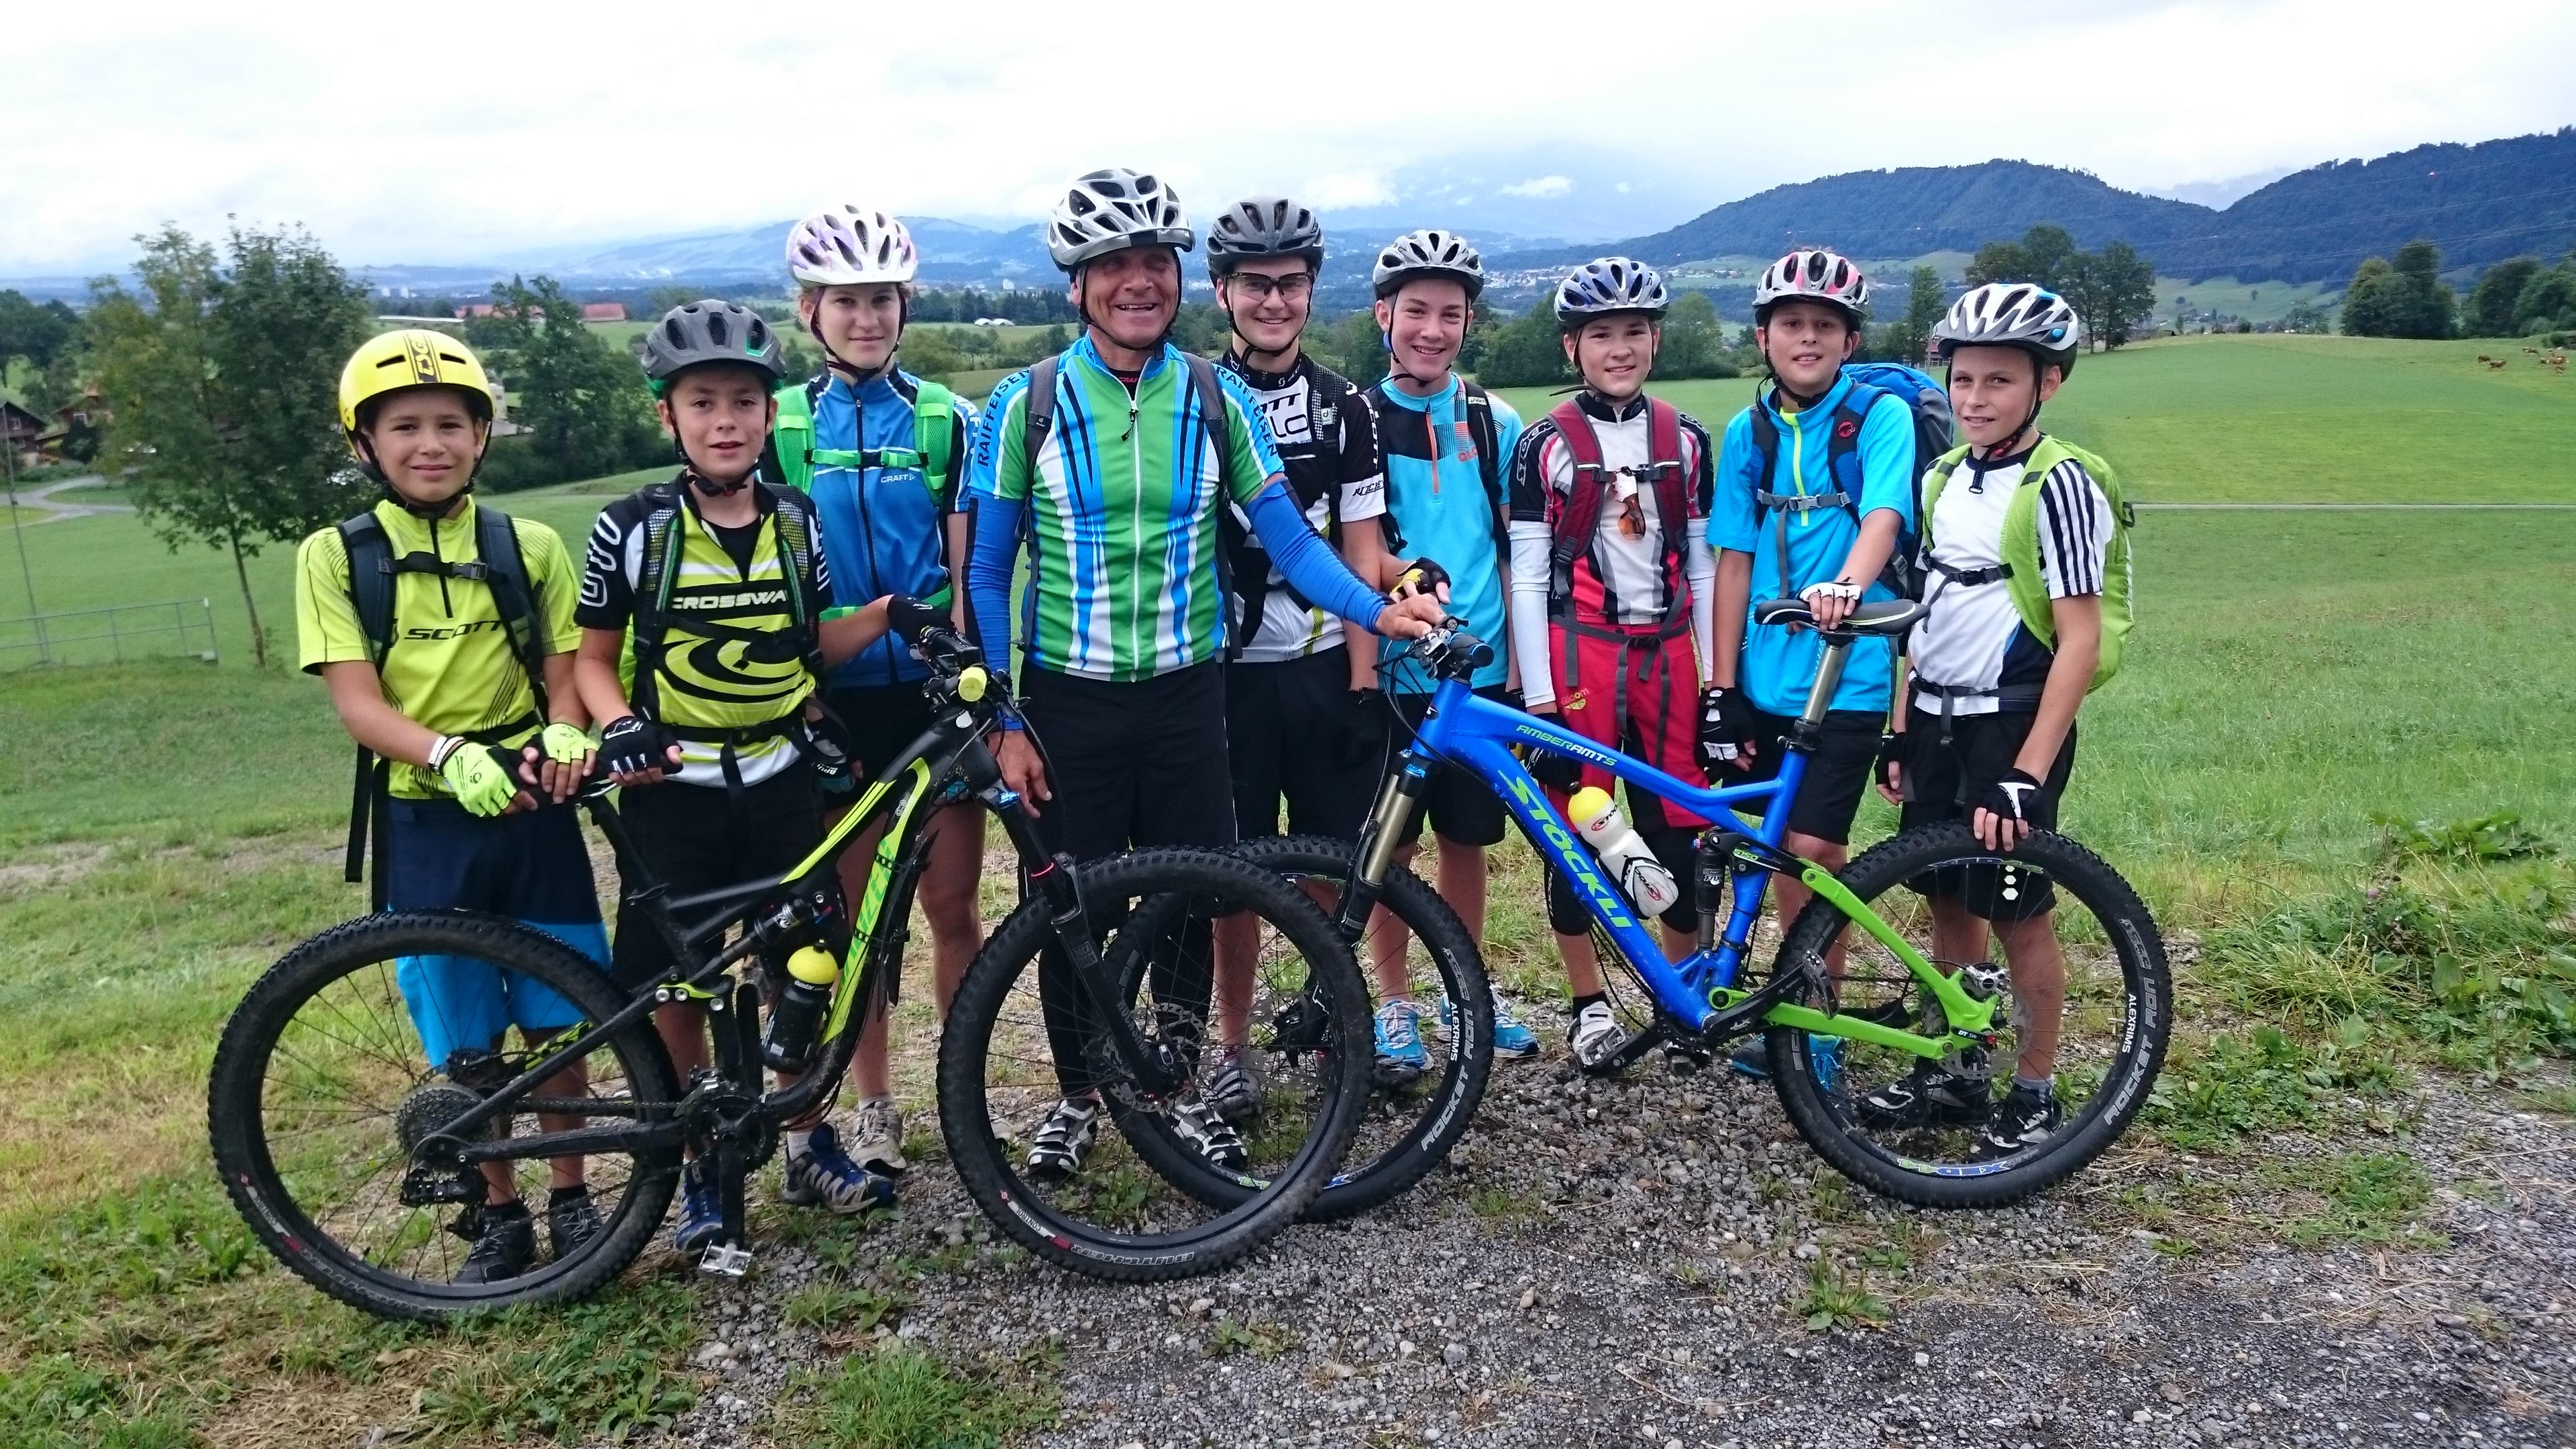 2015-08-15 Biketour Sommertraining
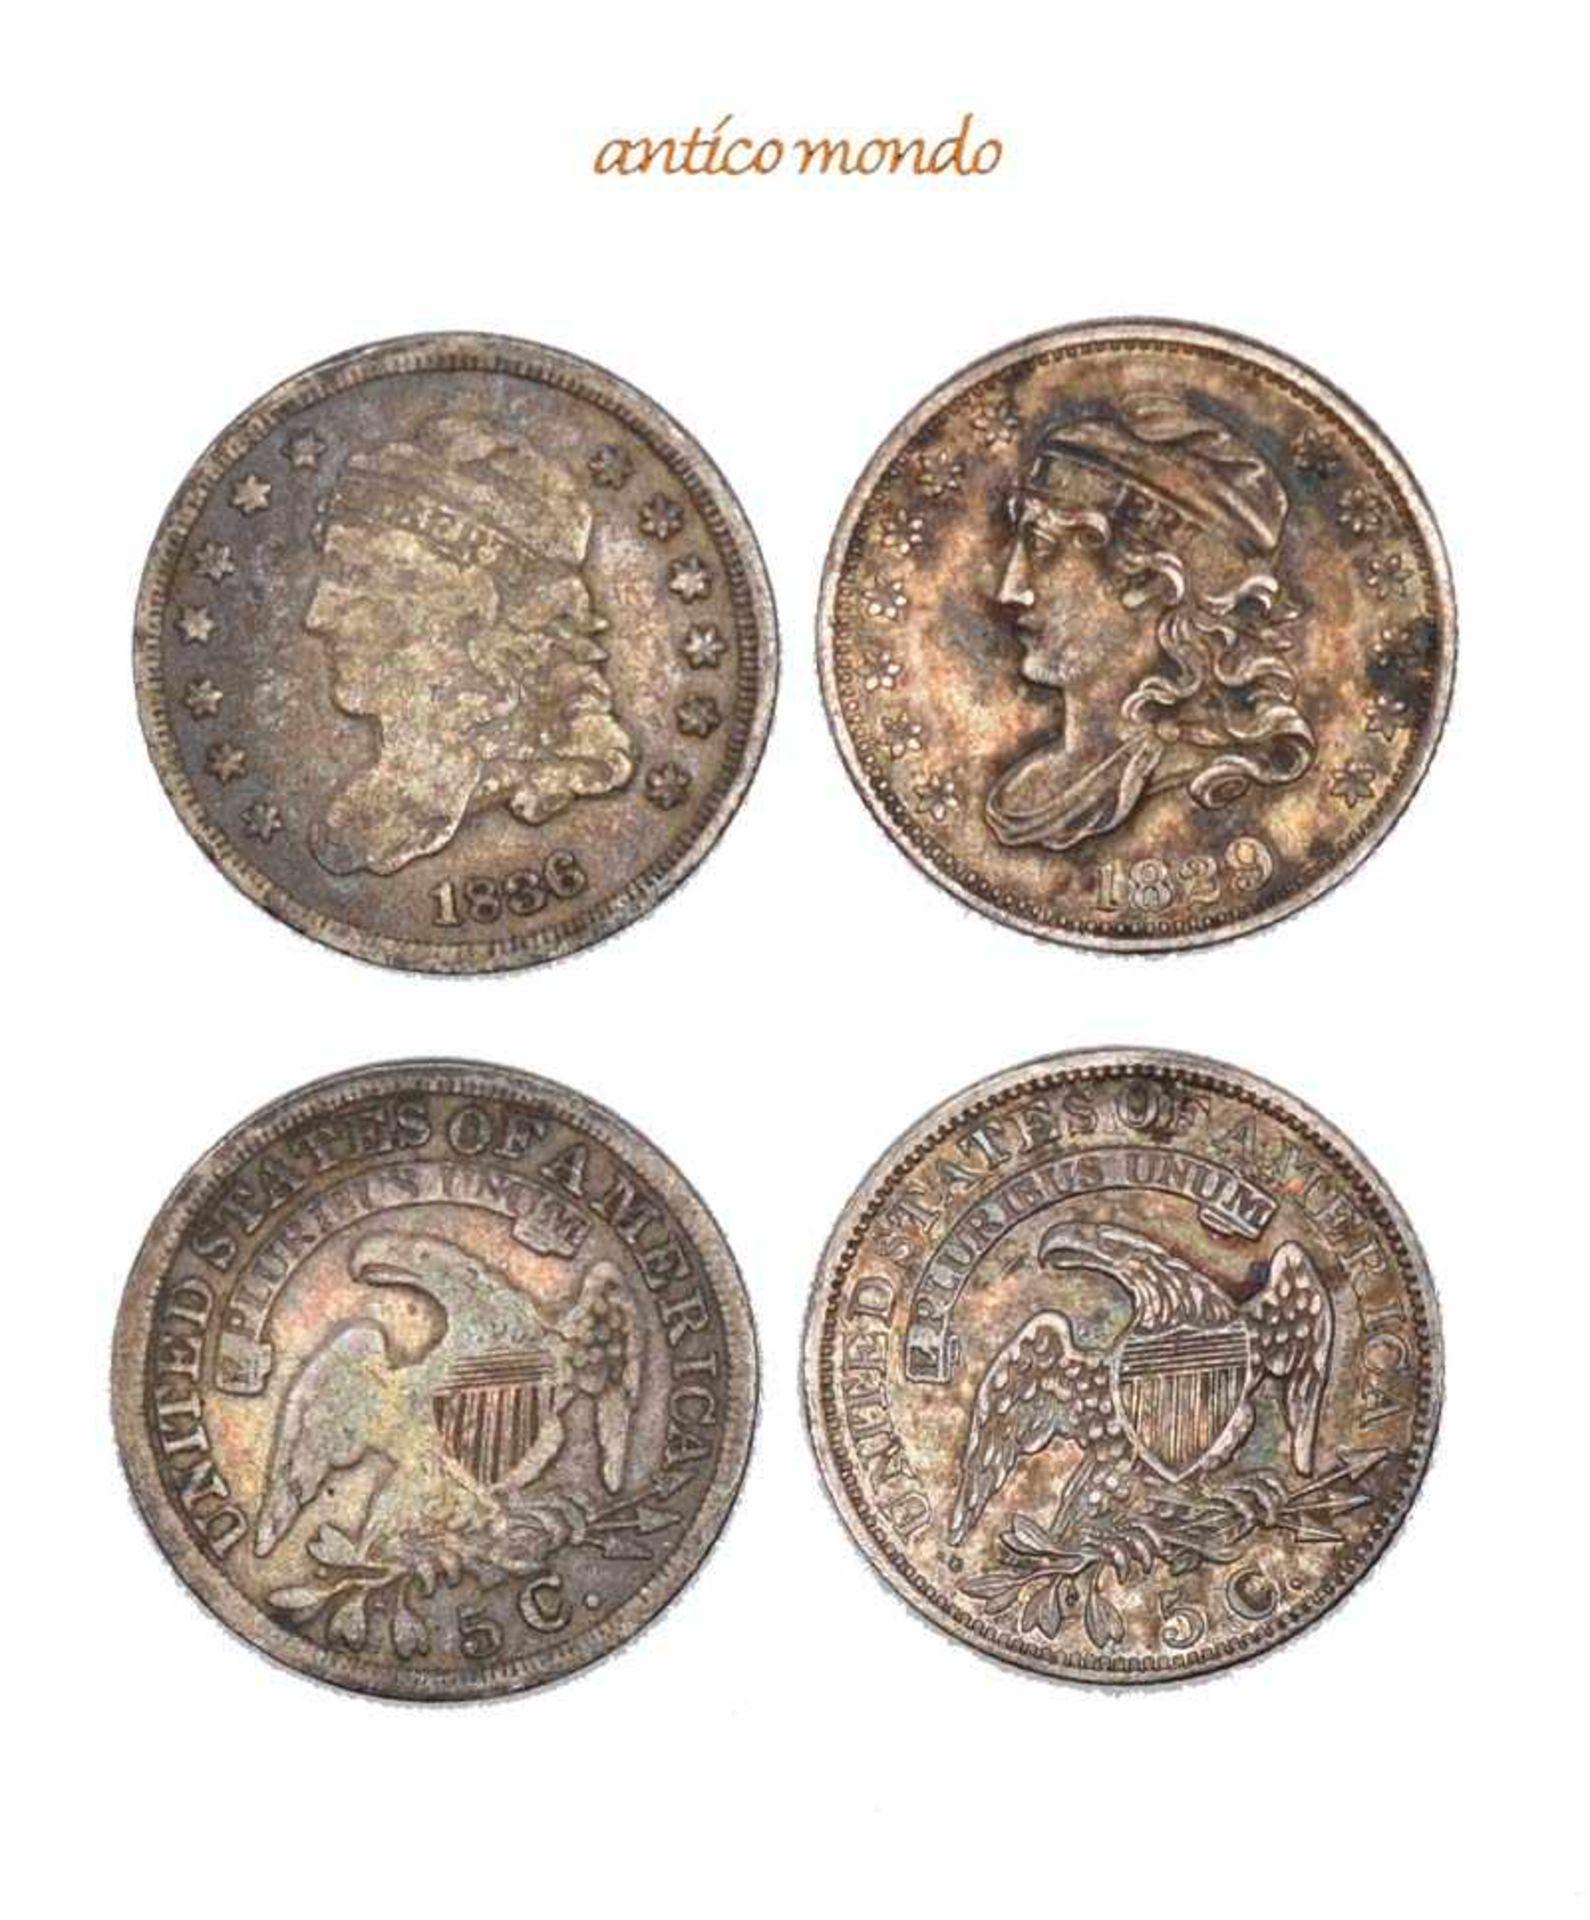 USA, 5 Cent, 1829, 1836, sehr schön + und fast sehr schön, 2 Stück- - -21.50 % buyer's premium on
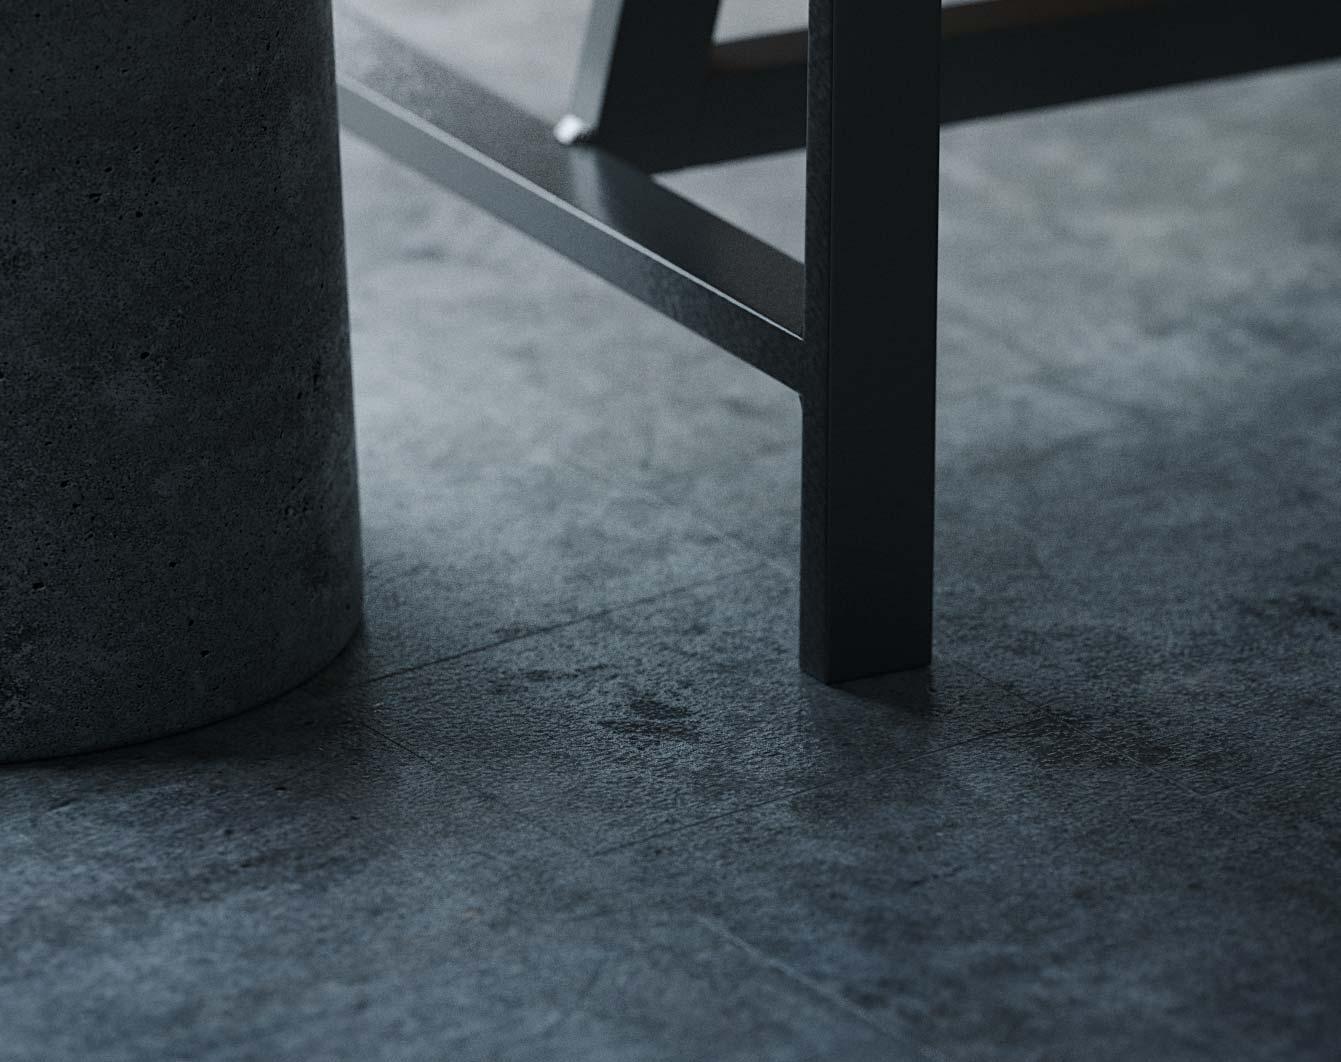 framechairdetail03

============================================================

[About this exercise]:
Print the listing verbatim; no pictures.

[Response box]:
 2015-08-15 Biketour Sommertraining
 USA, 5 Cent, 1829, 1836, sehr schön + und fast sehr schön, 2 Stück- - -21.50 % buyer's premium on
 framechairdetail03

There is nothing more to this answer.